Could you return the data that follows exactly, minus the images?

== Material provided ==

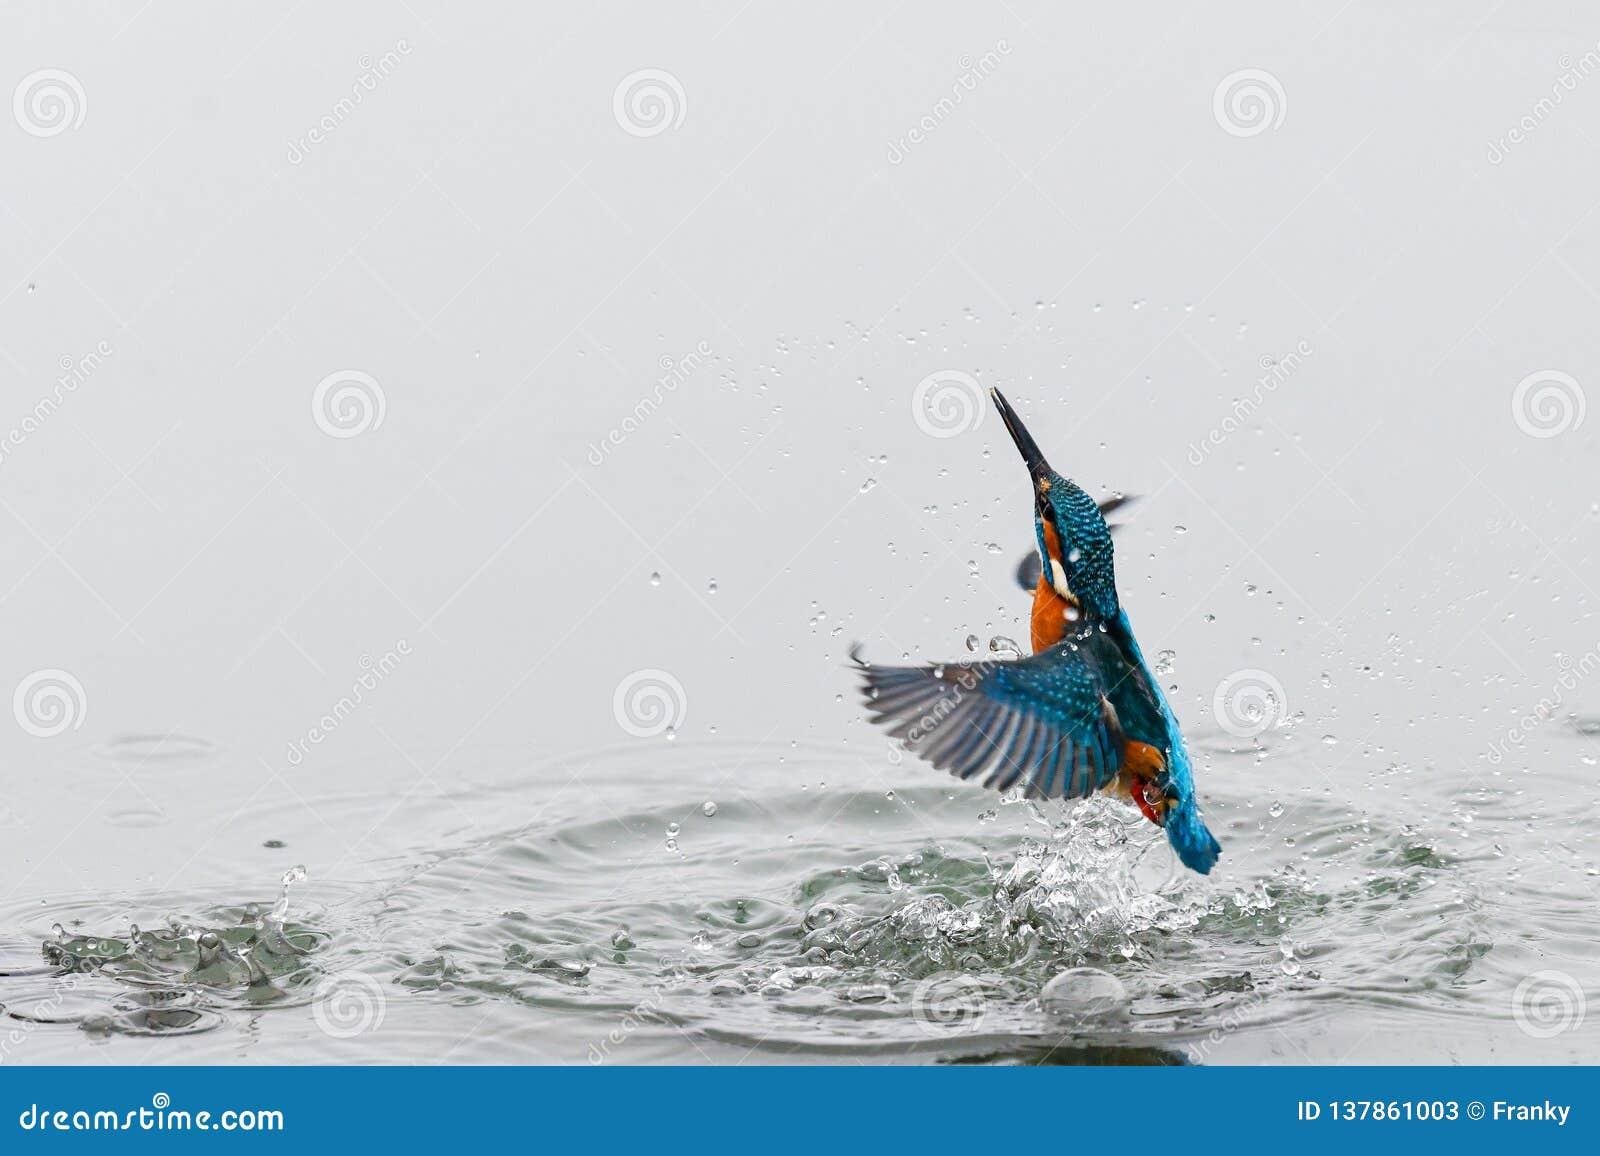 Фото действия kingfisher приходя вне от воды
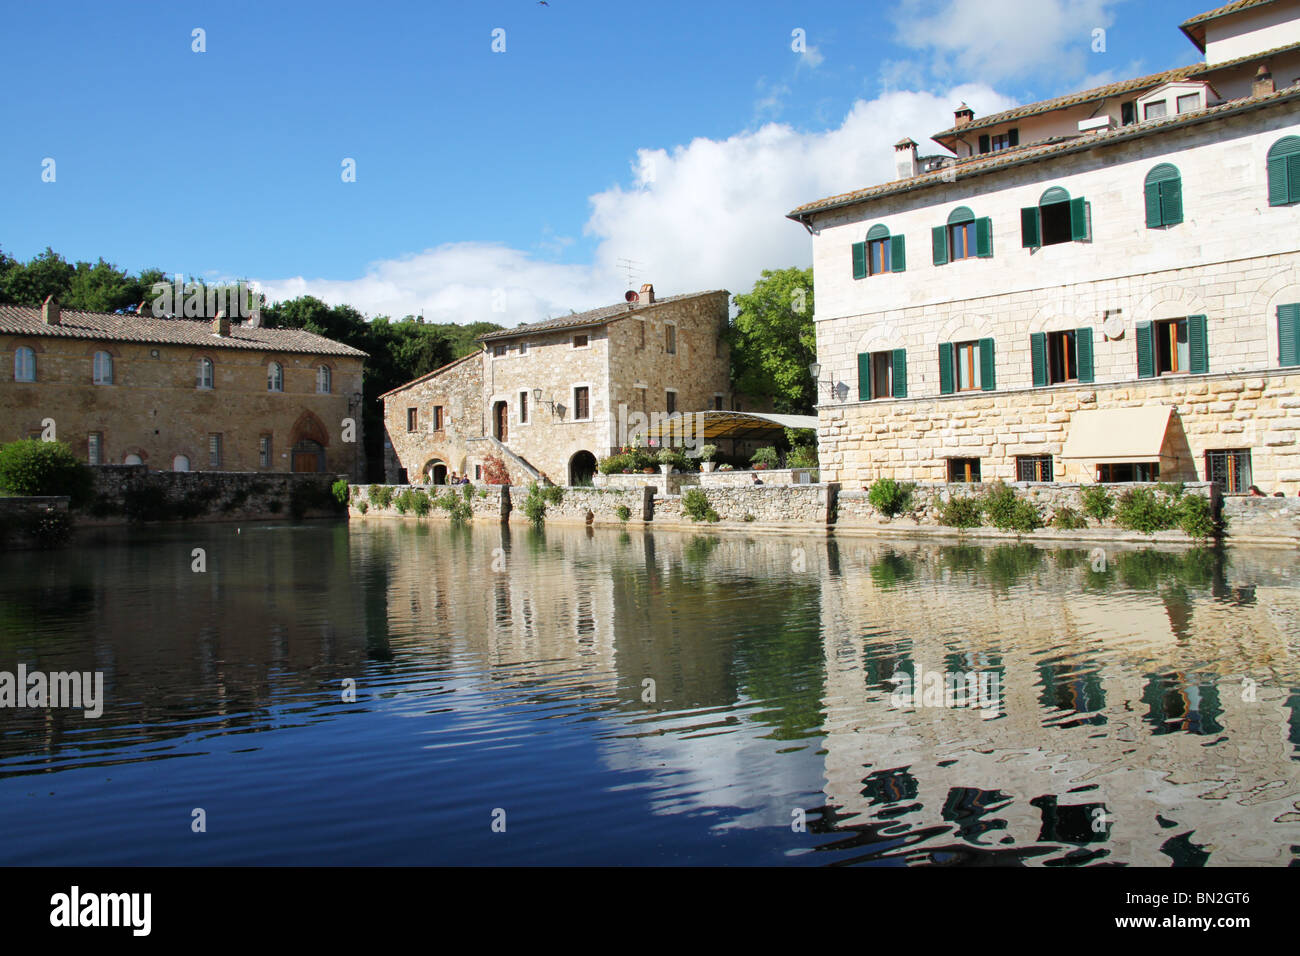 https://c8.alamy.com/comp/BN2GT6/natural-sulphuric-spa-bagno-vignoni-tuscany-italy-BN2GT6.jpg
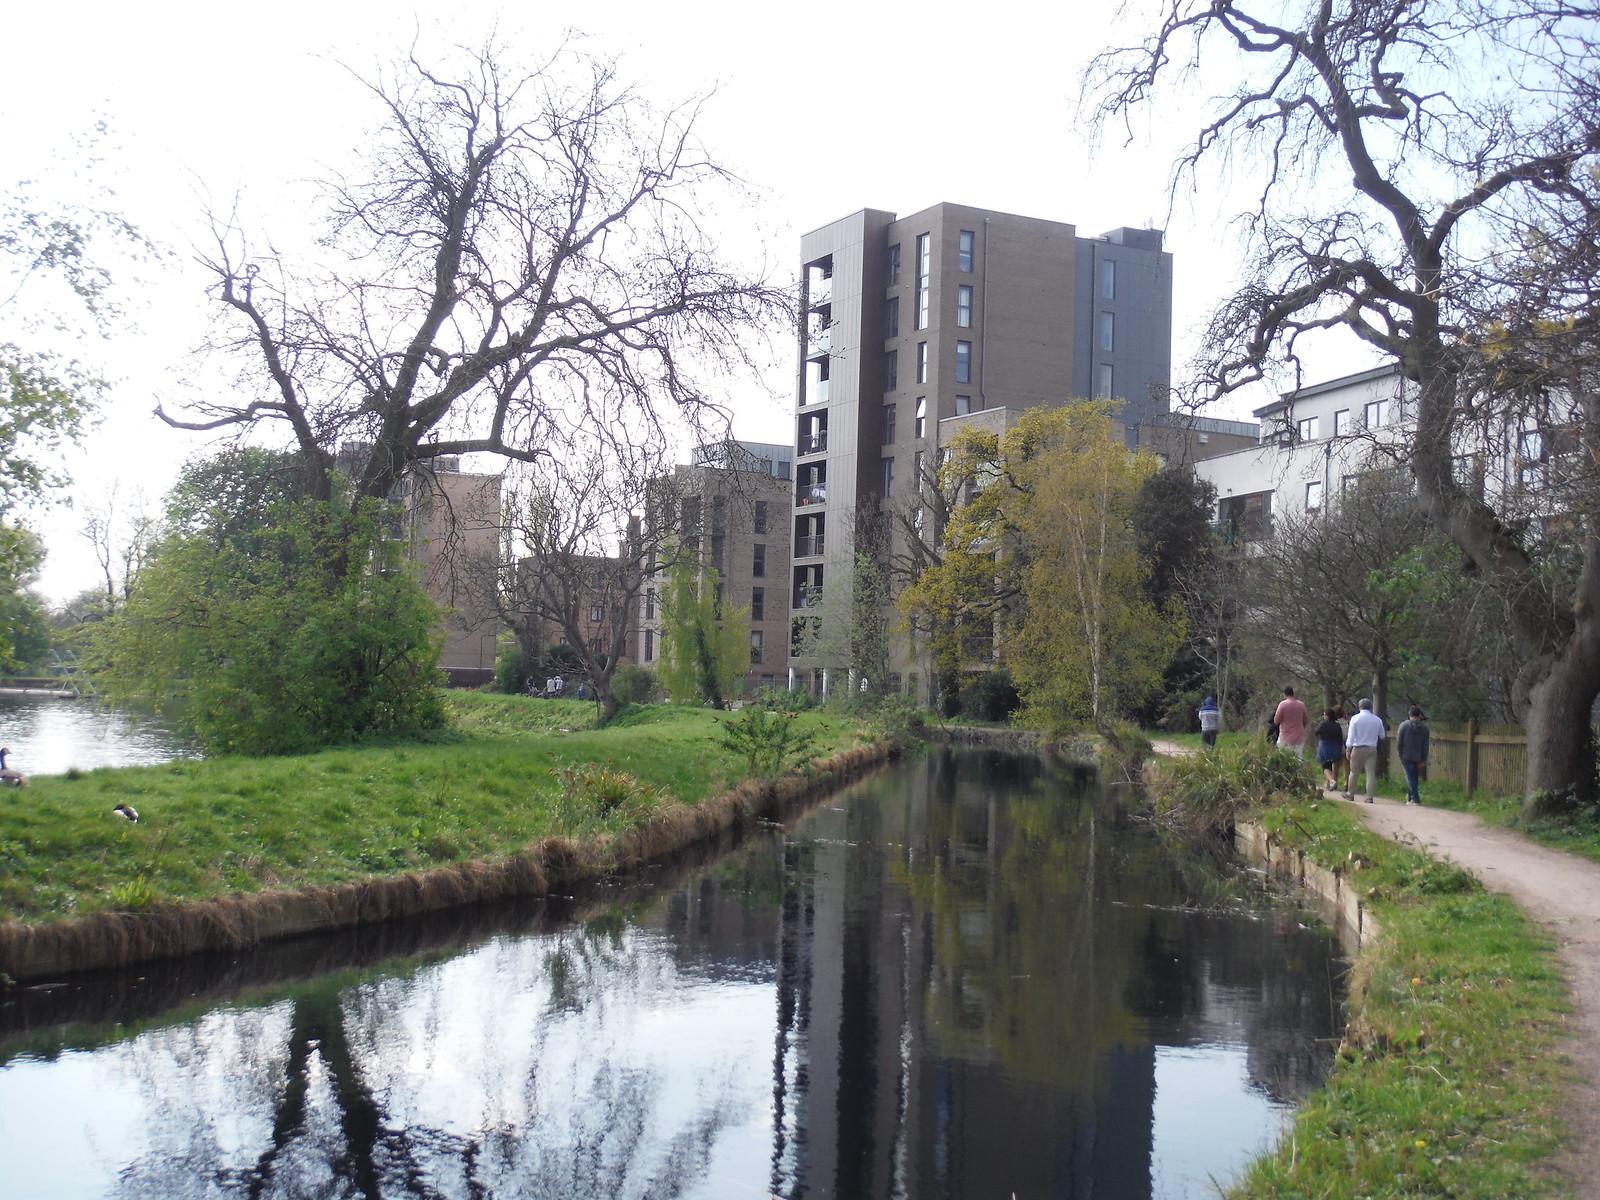 The New River, Stoke Newington SWC Short Walk 26 - Woodberry Wetlands (Stoke Newington Reservoirs)

===

● **Response box**:
 Фото действия kingfisher приходя вне от воды
 https://c8.alamy.com/comp/BN2GT6/natural-sulphuric-spa-bagno-vignoni-tuscany-italy-BN2GT6.jpg
 The New River, Stoke Newington SWC Short Walk 26 - Woodberry Wetlands (Stoke Newington Reservoirs)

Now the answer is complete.